## Action item
Write out every line below again exactly as it stands, skipping each image.

## Recorded data
==*==
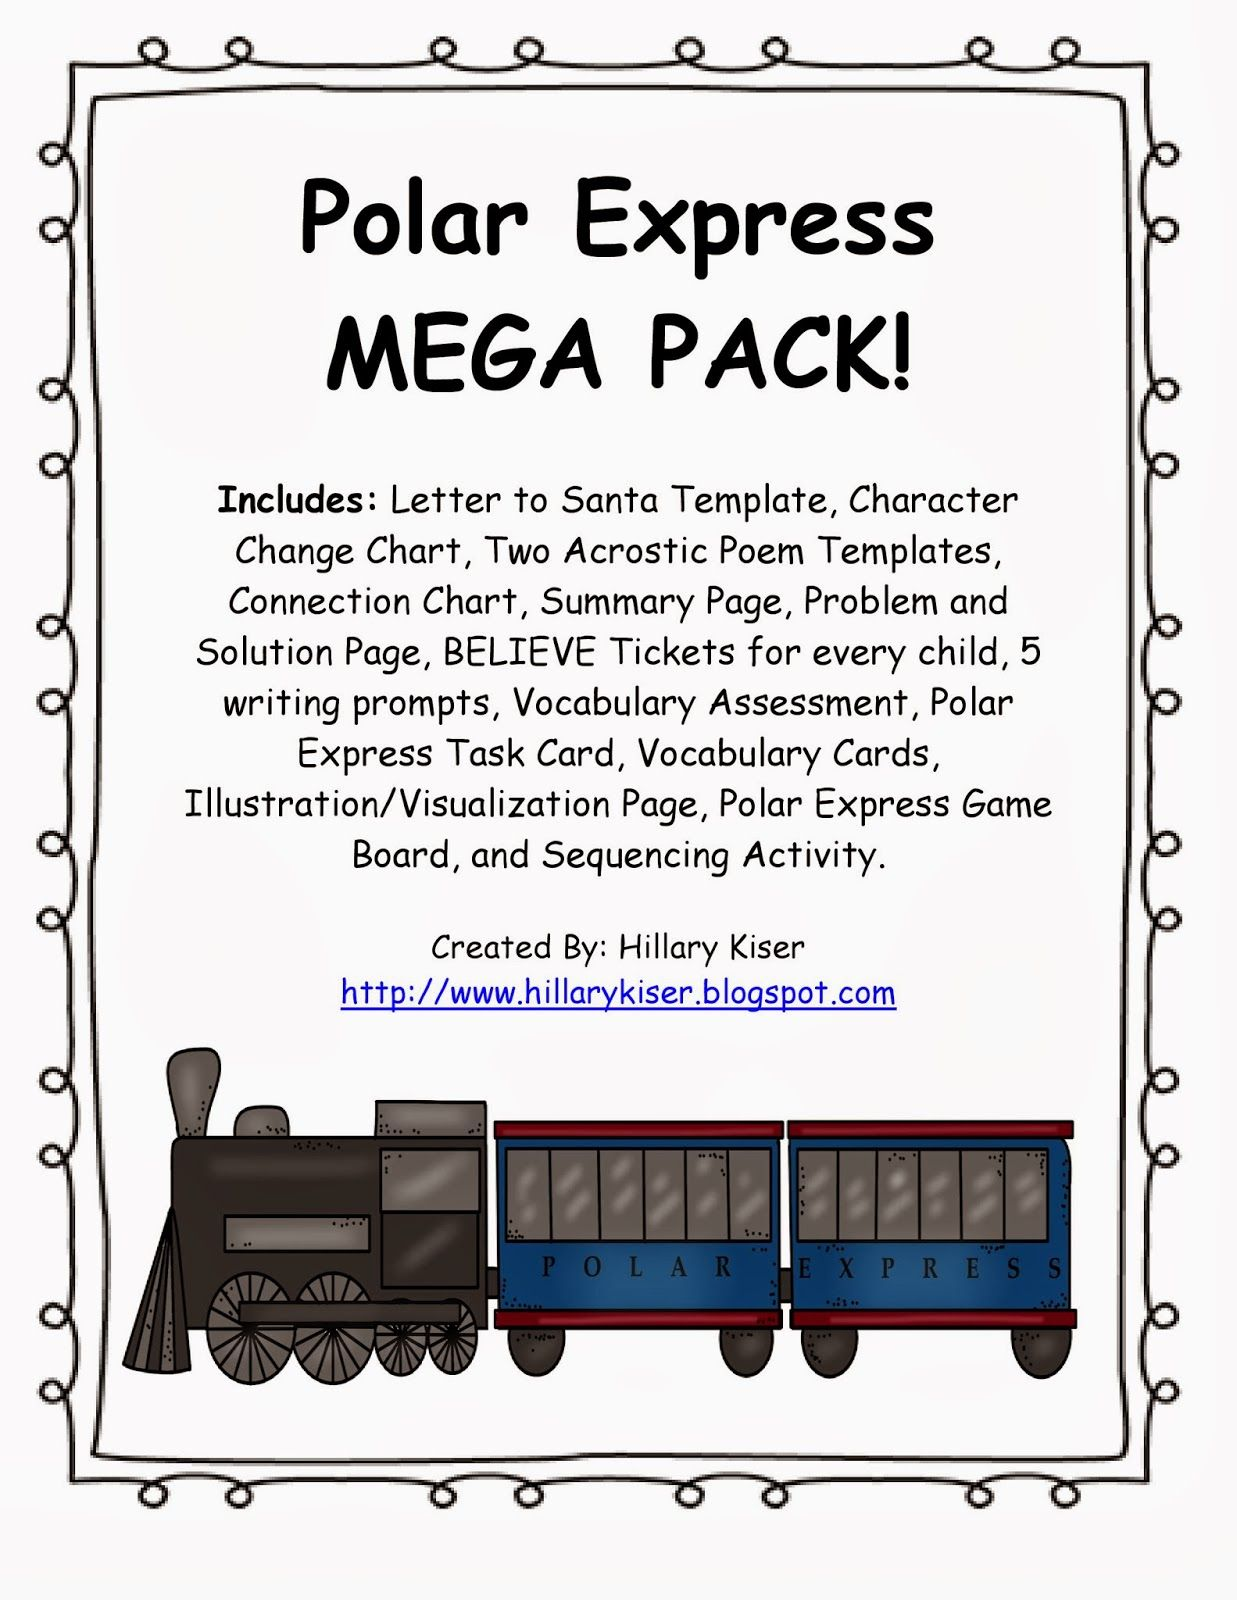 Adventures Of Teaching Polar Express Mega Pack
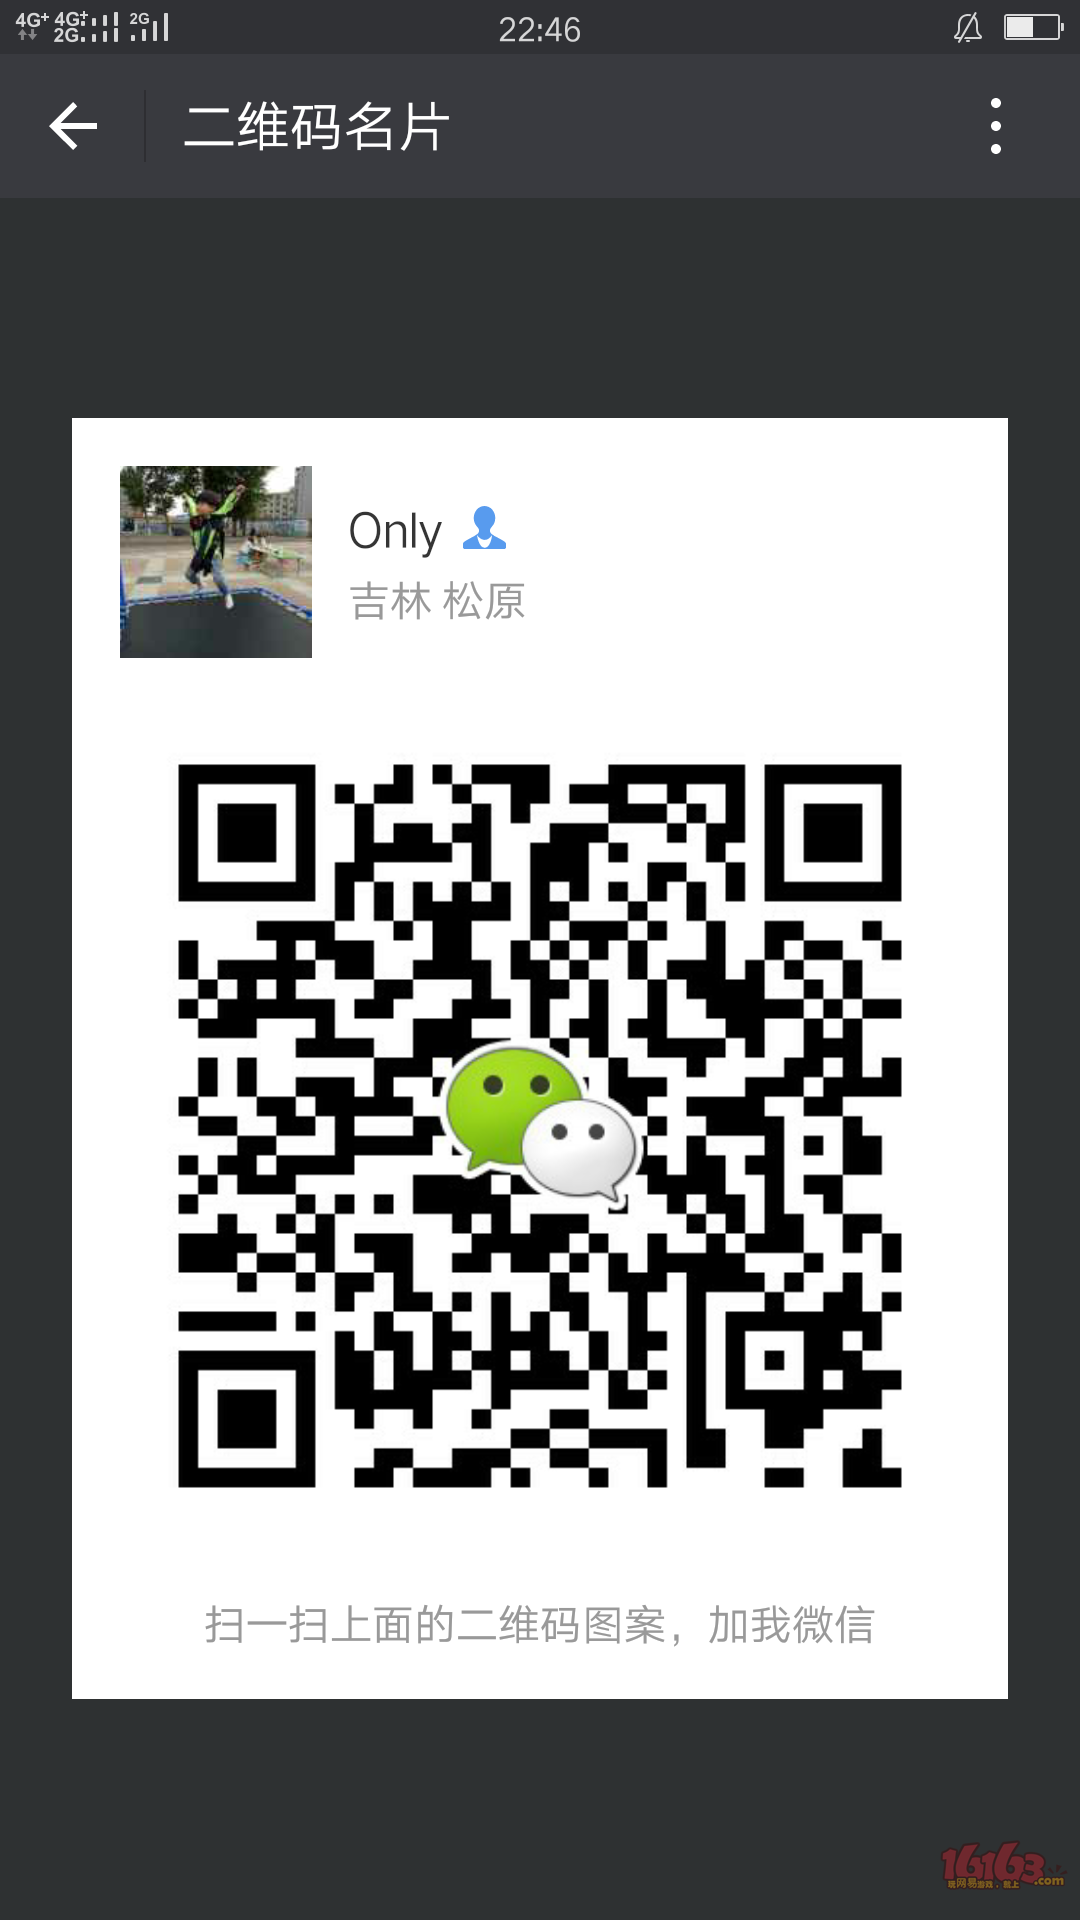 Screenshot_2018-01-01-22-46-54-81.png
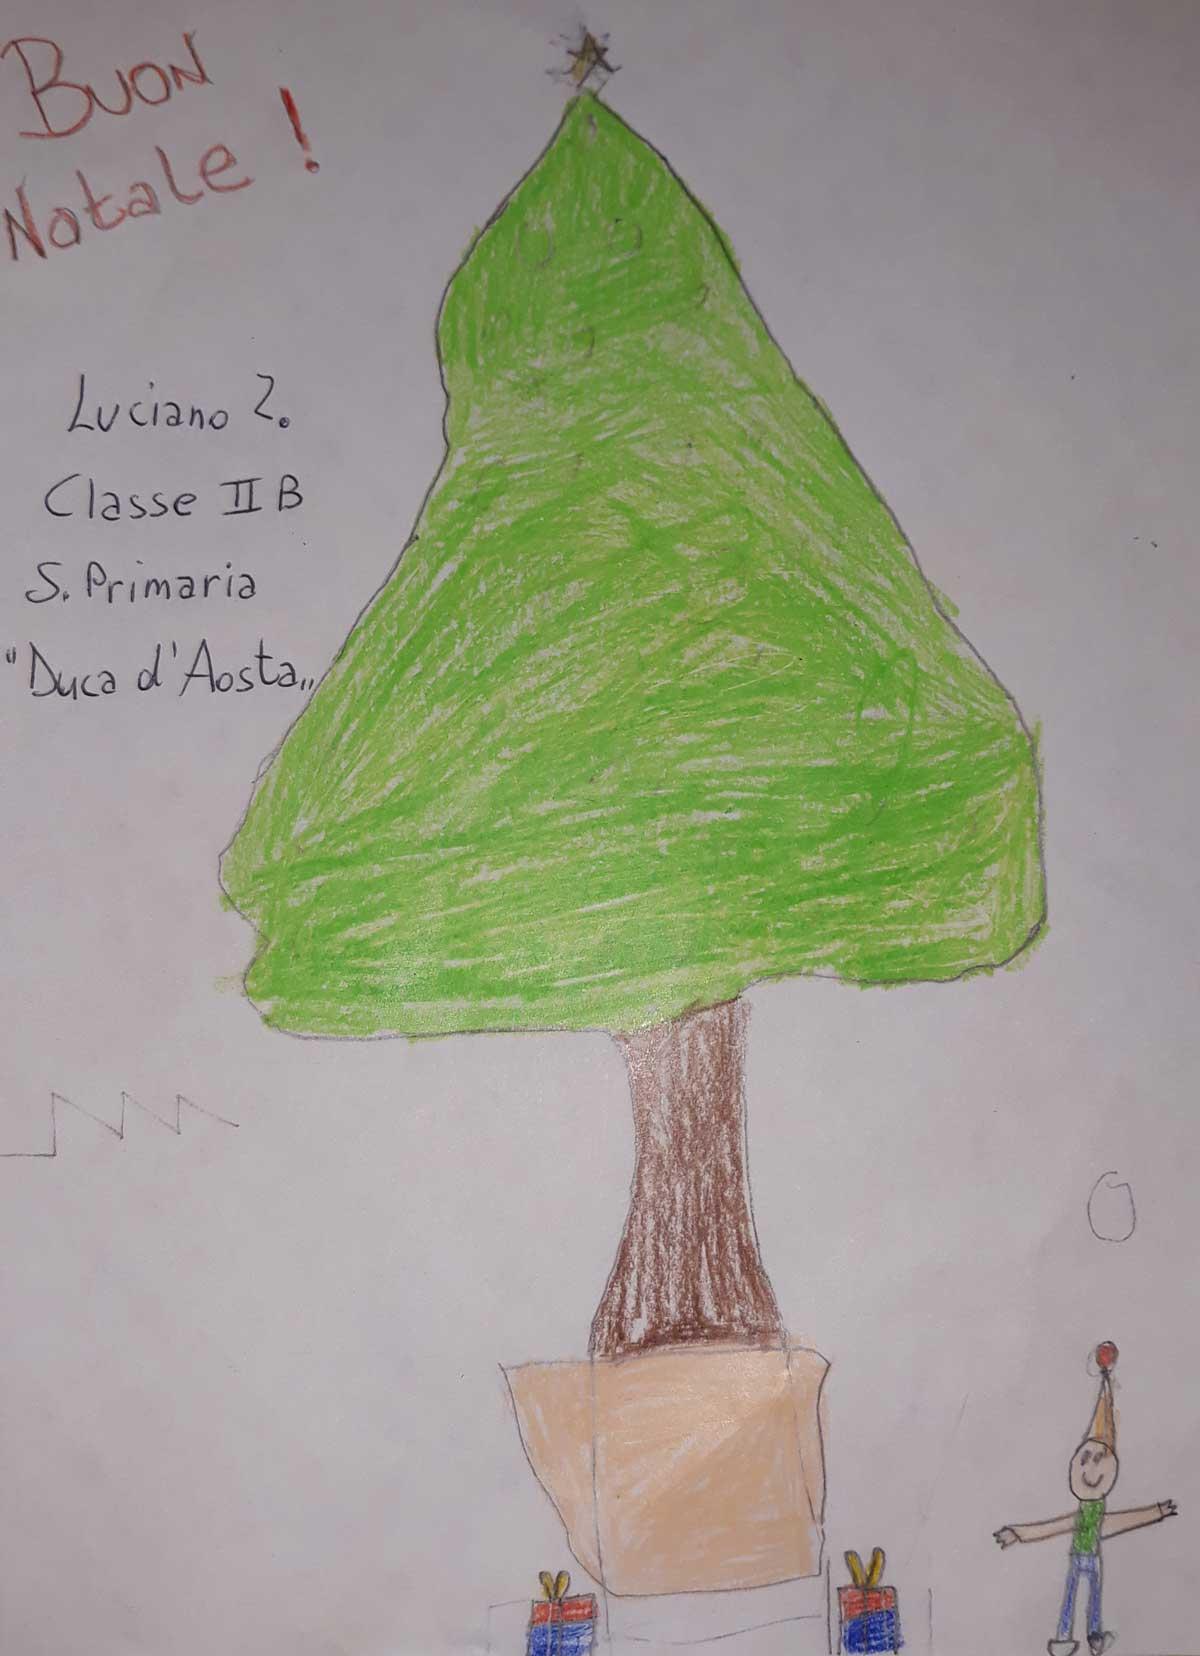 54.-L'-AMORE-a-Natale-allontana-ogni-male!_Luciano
==*==
## Response box
 Adventures Of Teaching Polar Express Mega Pack
 Screenshot_2018-01-01-22-46-54-81.png
 54.-L'-AMORE-a-Natale-allontana-ogni-male!_Luciano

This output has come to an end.